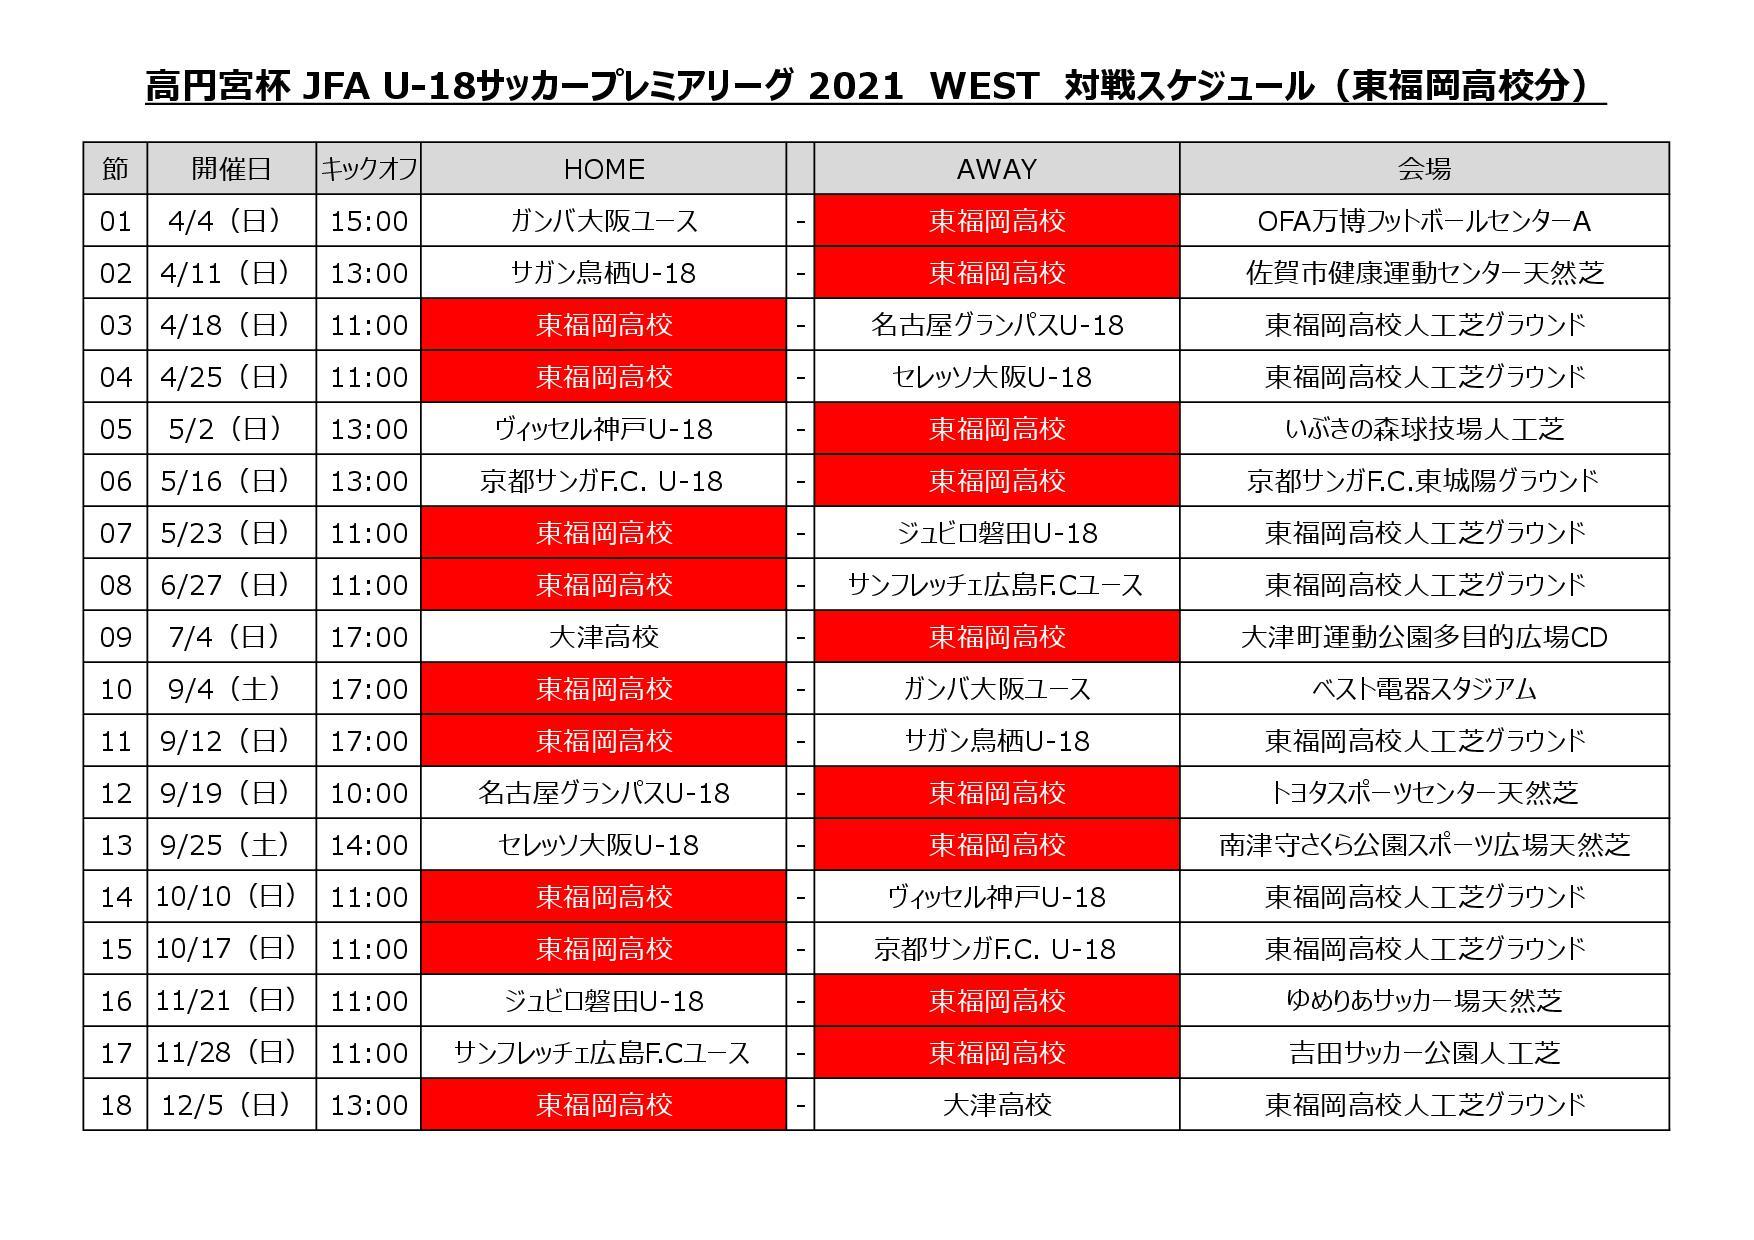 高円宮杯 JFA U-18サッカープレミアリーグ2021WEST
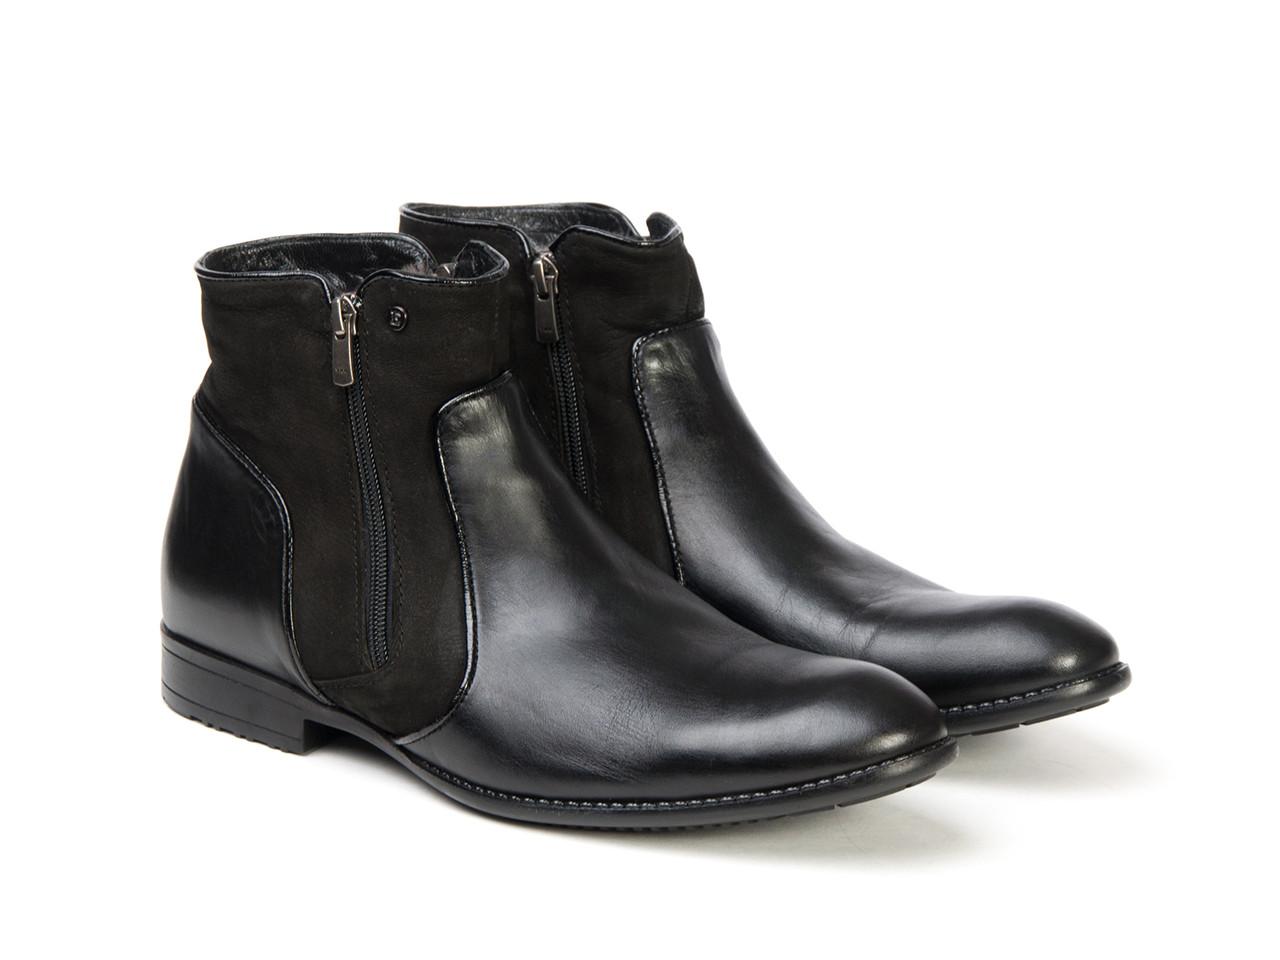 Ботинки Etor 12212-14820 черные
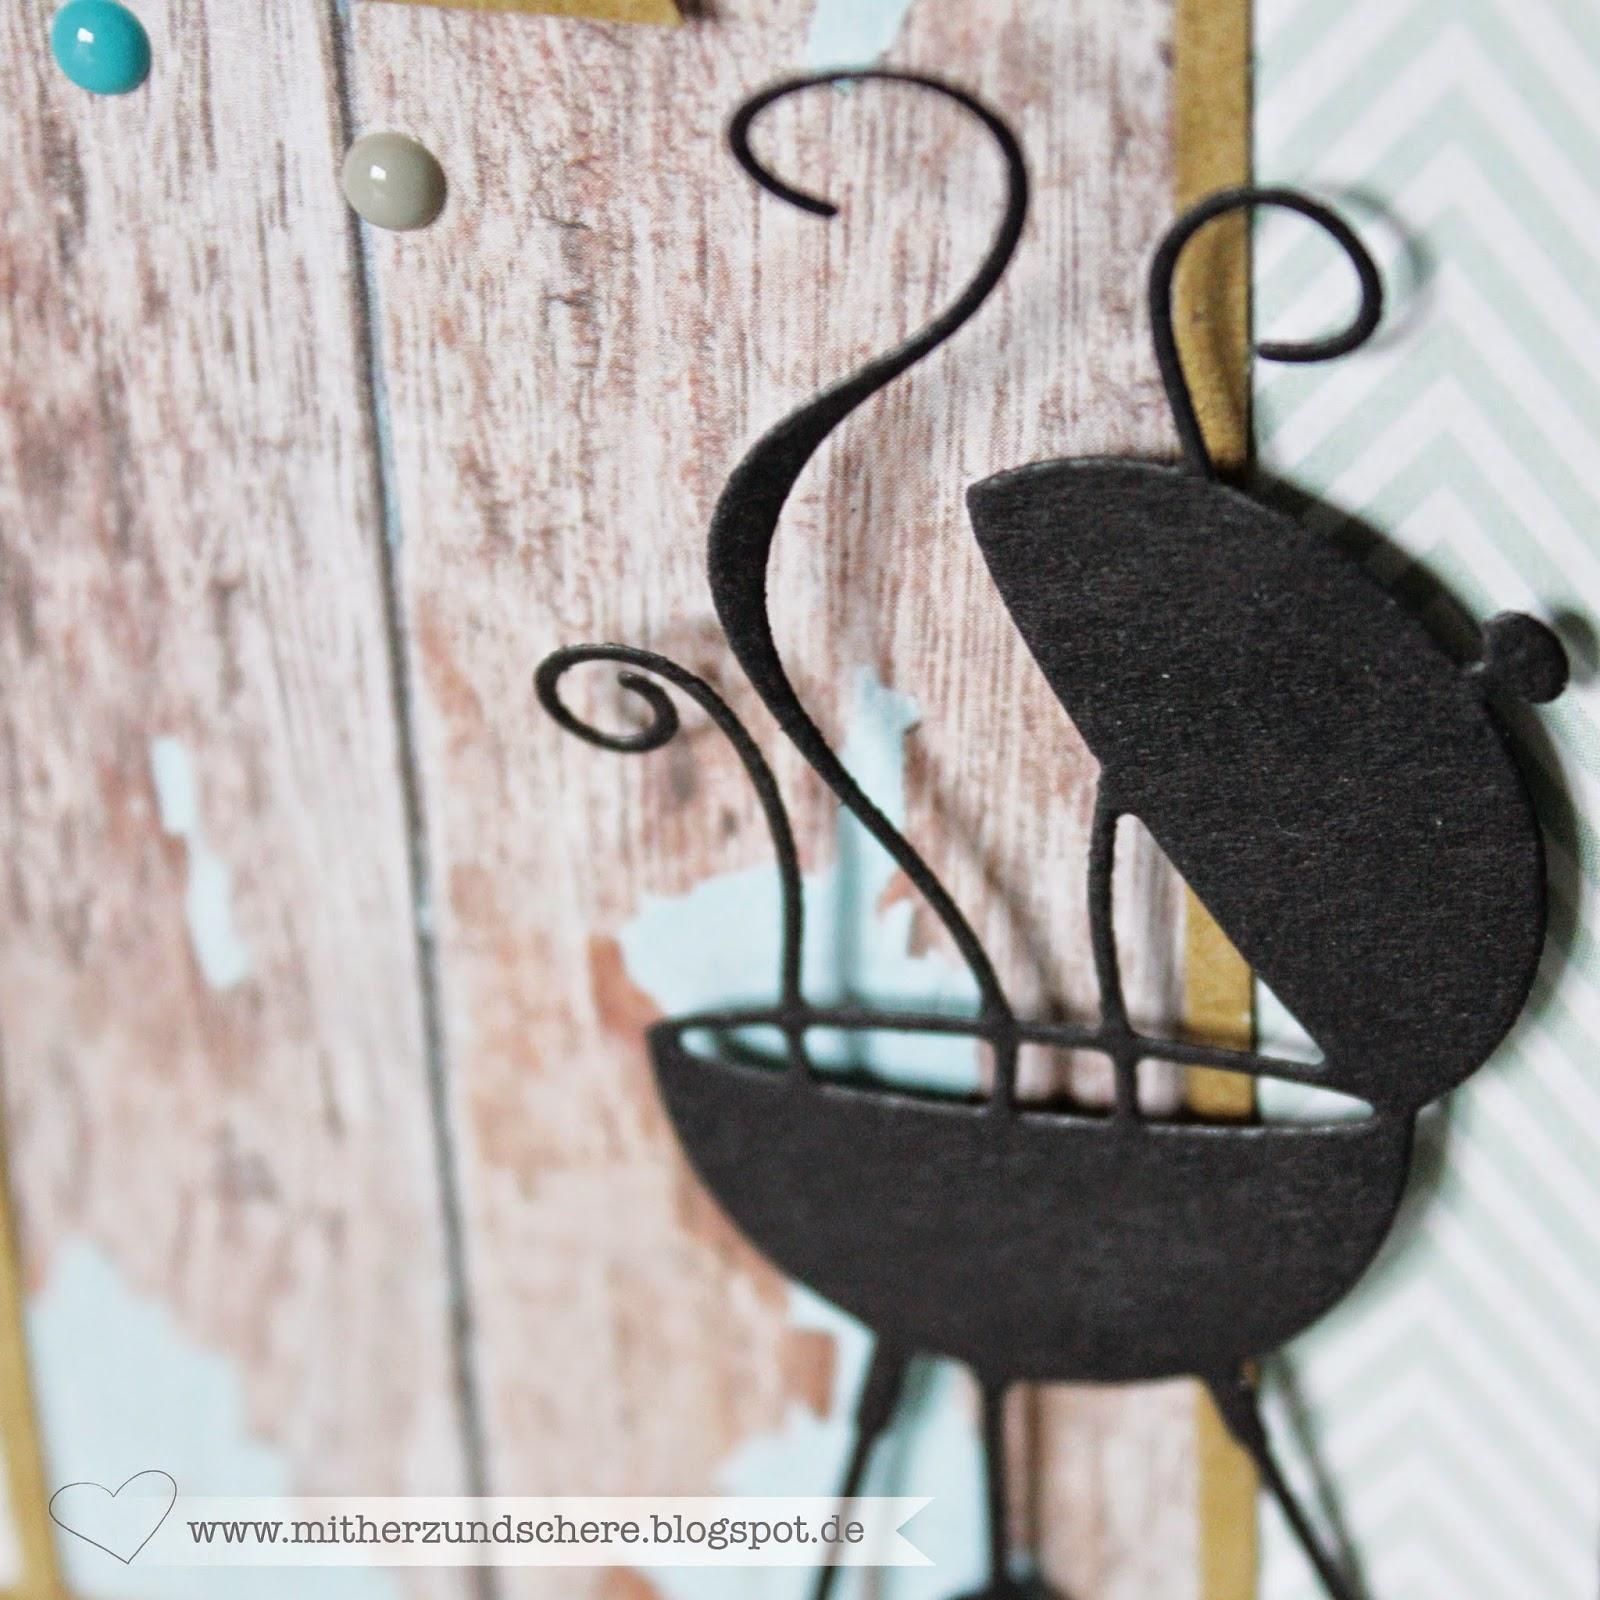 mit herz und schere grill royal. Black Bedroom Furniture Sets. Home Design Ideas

• [ACTION ITEM] One exact copy of the data, no pictures: write it out line for line.

• [WRITTEN RESPONSE]
 高円宮杯 JFA U-18サッカープレミアリーグ2021WEST
 Ботинки Etor 12212-14820 черные
 mit herz und schere grill royal. Black Bedroom Furniture Sets. Home Design Ideas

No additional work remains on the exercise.